Jazz pianist Hiromi |
Sept 14 & 15 @ Fresno State
Tickets are $22 general; $15 students; $20 JazzFresno Members The concerts start at 8:00pm and doors open at 7:00pm More information is available by calling 559-709-7424 or online at www.mixoentertainment.com
"She is nothing short of amazing." - Ahmad Jamal "arguably the most electrifying jazz artist of the current decade." - Jazzpolice.com
Pianist/composer Hiromi mesmerized the jazz community with her 2003 Telarc debut, Another Mind. The buzz started by her debut album spread all the way back to her native Japan, where Another Mind shipped gold (100,000 units) and won the Recording Industry Association of Japan's (RIAJ) "Jazz Album of the Year" Award. Hiromi's second release, Brain, followed a year later. Brain received Swing Journal's "New Star Award," Jazz Life's "Gold Album," HMV Japan's "Best Japanese Jazz Album" and the Japan Music Pen Club's "Japanese Artist Award." When Swing Journal announced the results of its 2005 Readers Poll, Brain won "Album of the Year." Hiromi takes it up another notch with her January 2006 release, Spiral. Born in Shizuoka, Japan, in 1979, Hiromi took her first piano lessons at age six. She learned from her earliest teacher to tap into the intuitive as well as the technical aspects of music.

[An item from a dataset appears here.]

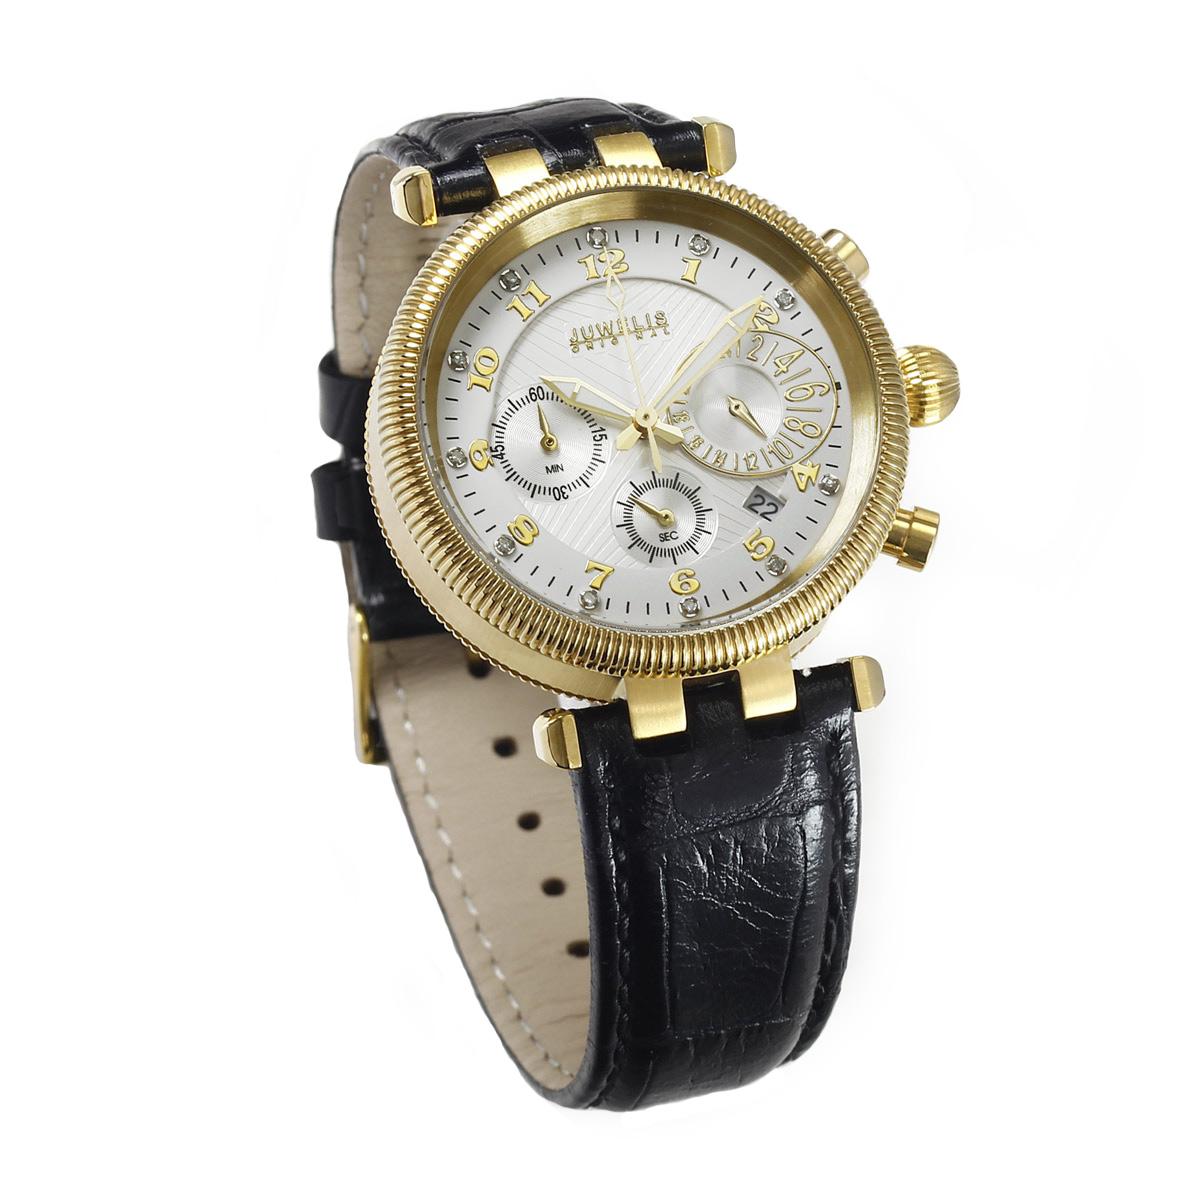 Juwelis Hera Diamond Damenuhr JW7218GW Chronograph Diamanten

Hiromi took that intuitive approach a step further when she enrolled in the Yamaha School of Music less then a year after her first piano lessons. By age 12, she was performing in public, sometimes with very high-profile orchestras. "When I was 14, I went to Czechoslovakia and played with the Czech Philharmonic," she says. "That was a great experience, to play with such a professional orchestra."

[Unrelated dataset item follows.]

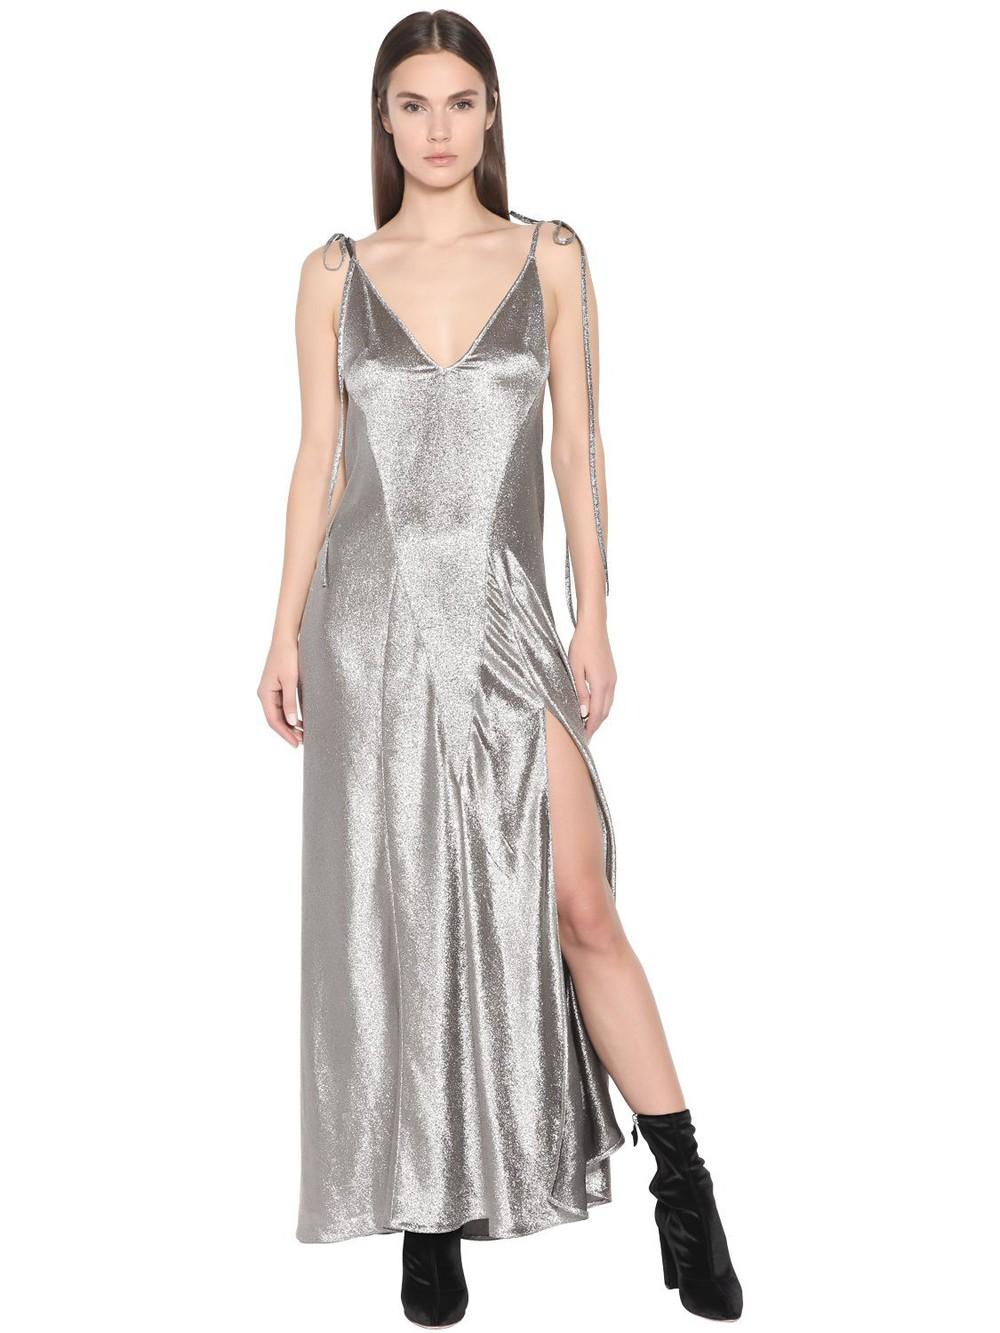 Attico Velvet Wrap Dress In Teal Wheretoget

"It was in Tokyo," Hiromi recalls. "He was doing something at Yamaha, and I was visiting Tokyo at the time to take some lessons. I talked to some teachers and said that I really wanted to see him. I sat down with him, and he said 'Play something.' So I played something, and then he said, 'Can you improvise?' I told him I could, and we did some two-piano improvisations. Then he asked me if I was free the next day. I told him I was, and he said, 'Well, I have a concert tomorrow. Why don't you come?' So I went there, and he called my name at the end of the concert, and we did some improvisations together."
"It expanded so much the way I see music," she says. "Some people dig jazz, some people dig classical music, some people dig rock. Everyone is so concerned about who they like. They always say, 'This guy is the best,' 'No, this guy is the best.' But I think everyone is great. I really don't have barriers to any type of music. I could listen to everything from metal to classical music to anything else."

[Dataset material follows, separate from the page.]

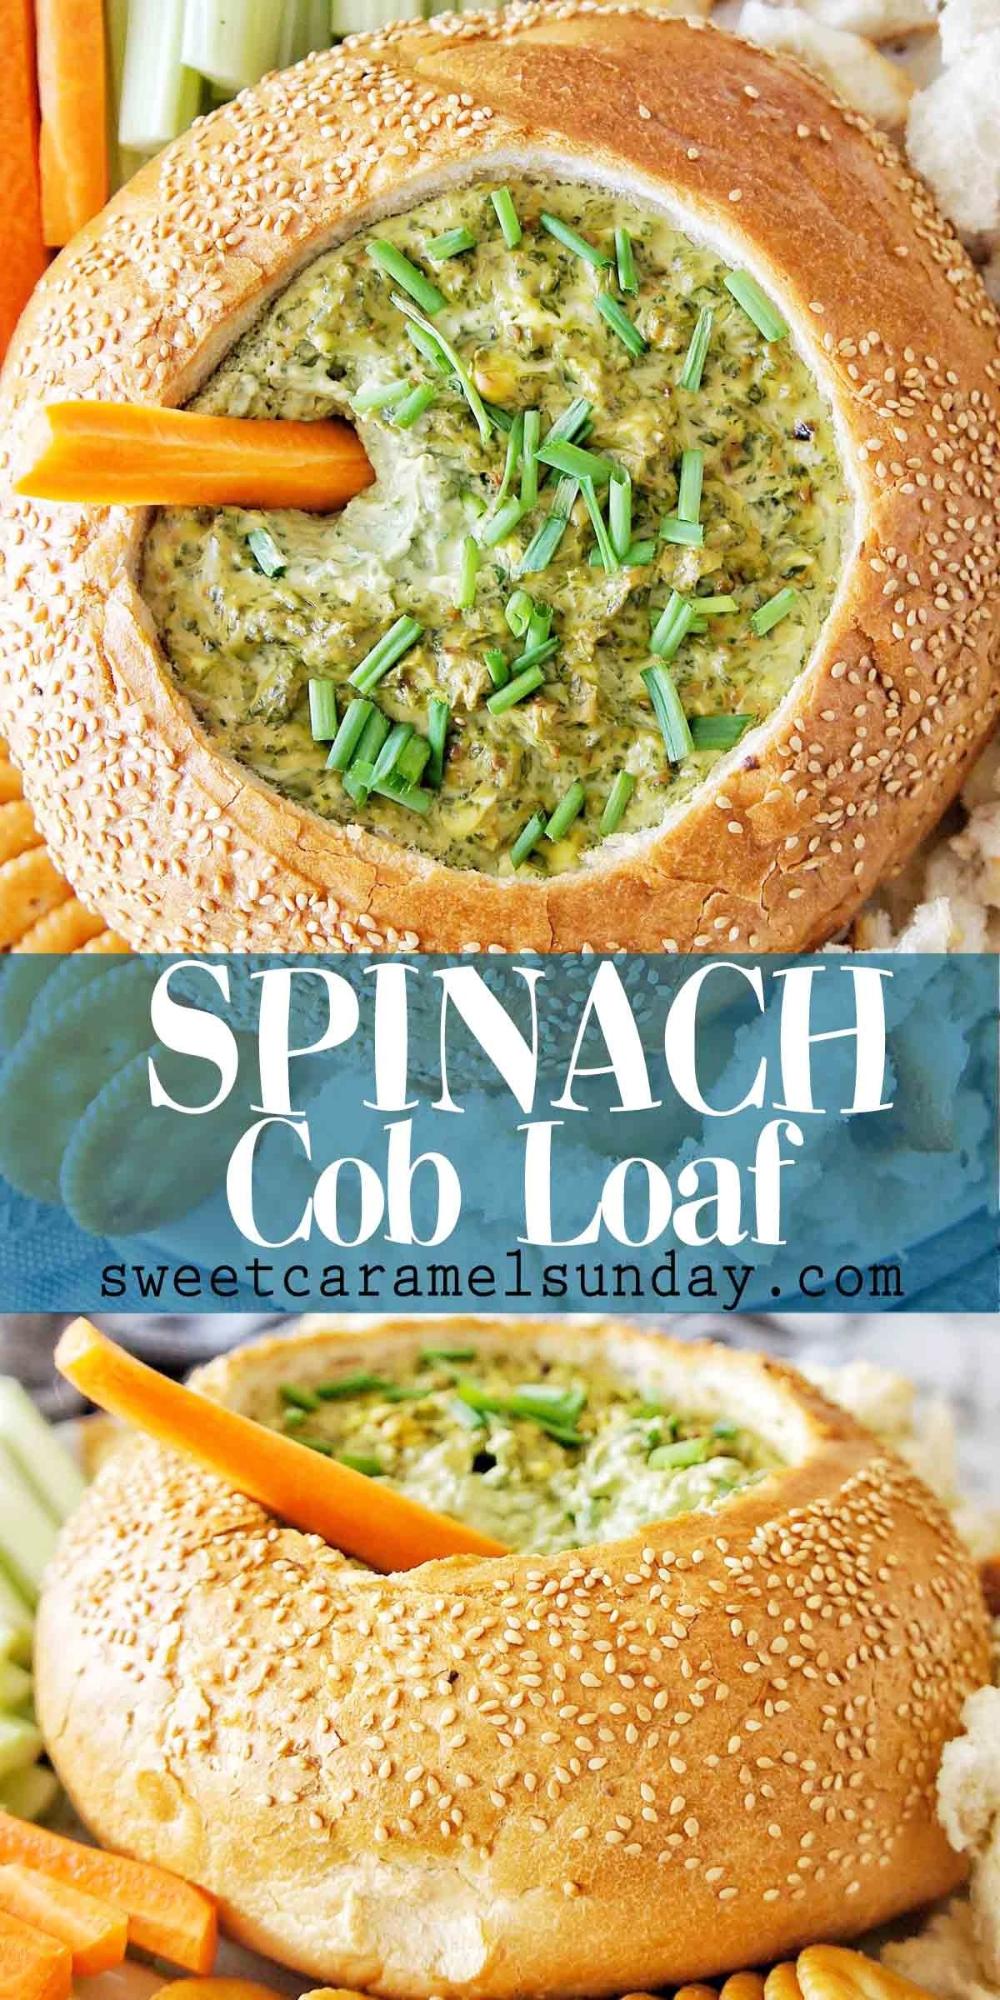 Spinach Cob Loaf Dip

At 26, Hiromi stands at the threshold of limitless possibility, constantly drawing inspiration from virtually everyone and everything around her. Her list of influences, like her music itself, is boundless. "I love Bach, I love Oscar Peterson, I love Franz Liszt, I love Ahmad Jamal," she says. "I also love people like Sly and the Family Stone, Dream Theatre and King Crimson. Also, I'm so much inspired by sports players like Carl Lewis and Michael Jordan. Basically, I'm inspired by anyone who has big, big energy. They really come straight to my heart."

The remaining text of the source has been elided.